In den 1960er Jahren verfügte das Spezialkinderheim „Ernst Schneller“ über eine Kapazität von etwa 170 Plätzen für Jungen und Mädchen. Der Tagesablauf war für die Kinder und Jugendlichen in diesen Jahren im 10-Minuten-Takt durchgeplant. Zudem herrschten militärische Umgangsformen und das Personal sprach im Kommandoton mit den jungen Menschen.
Die Räumlichkeiten des Heims waren zu klein für die angedachte Platzzahl, weshalb die Kinder in überbelegten Zimmern wohnten. Zudem war der bauliche Zustand des Heims katastrophal: Ende der 1970er Jahre standen für eine Gruppe von 36 Kindern nur zwei Waschbecken zur Verfügung. Die Kleiderschränke befanden sich in den feuchten Kellerräumen.

 

In den 1970er Jahren hab es eine Kooperation mit dem Eilenburger Getränkewerk »Neue Welt«. Die 16- bis 18-jährigen Mädchen des „Ernst Schneller“ Heims arbeiten im Rahmen der „Arbeitserziehung“ in Schichtdiensten im Getränkewerk. Nach den Protesten gegen die Verletzung der gesetzlich vorgeschriebenen Arbeitszeiten im Getränkewerk, wurden diese 1979 angepasst. Zwischen Heim und Werk gab es stetige Auseinandersetzungen über Status und Vergütung der jungen Frauen.

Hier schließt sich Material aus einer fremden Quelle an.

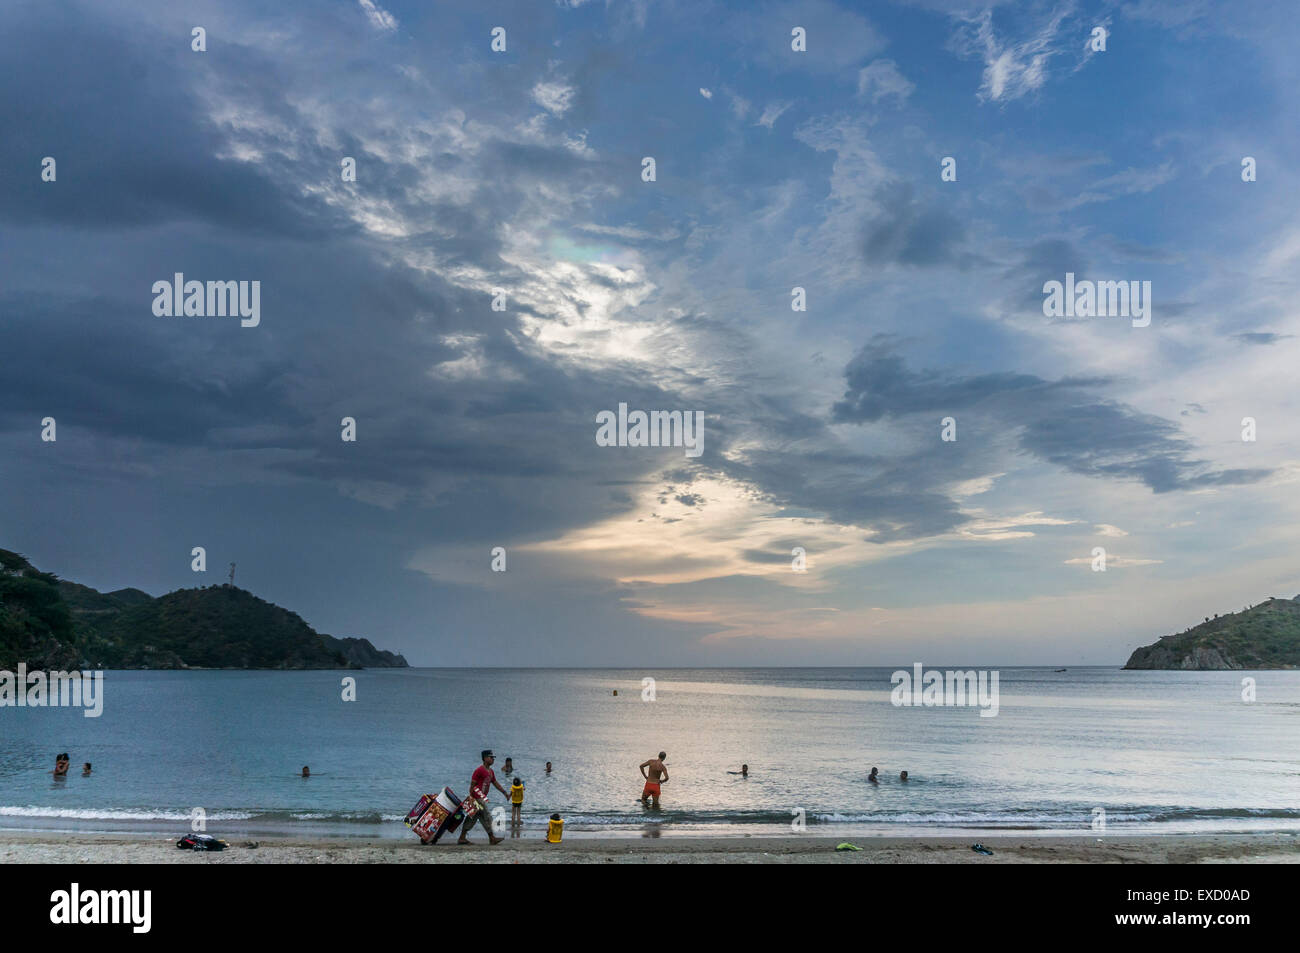 Evening on the beach at Taganga near Santa Marta, Colombia.  The once small fishing village on the Caribbean has become a popula Stock Photo

Während das Heim auf dem Lehrlingsstatus bestand, sah das Werk in den Jugendlichen vollumfängliche Arbeitskräfte und entlohnte diese entsprechend. Allerdings erhielten die jungen Frauen vom Heim nur das Lehrlingsgeld. Ab 1981 wurden regelmäßig 36 junge Frauen des Werkhofs im Getränkewerk beschäftigt.

 

Zu den alltäglichen Lebensbedingungen der Kinder in dem Spezialkinderheim gehörte es unter anderem, dass der Arrest oft länger als 14 Tage dauerte. Urlaubs- und Ausgangssperren wurden willkürlich verhängt und die Post wurde kontrolliert.  Es kam oft zu Fluchtversuchen. Die „entwichenen“ Kinder und Jugendlichen hatten nach ihrer Rückbringung mit Druck und Gewalt seitens der Gruppe zu rechnen, da diese als Kollektiv bestraft wurde. Ein persönlicher Arbeitsplan, die Stellungnahme in der Gruppenstunde, zusätzliche Funktionsübertragungen und Patenschaft durch ein anderes Gruppenmitglied stellten offizielle Strafen dar. Bei mehrmaliger Flucht drohte eine Einweisung in den Geschlossenen Jugendwerkhof Torgau. Von Eilenburg wurden 161 Jugendliche in den Geschlossenen Jugendwerkhof Torgau eingewiesen.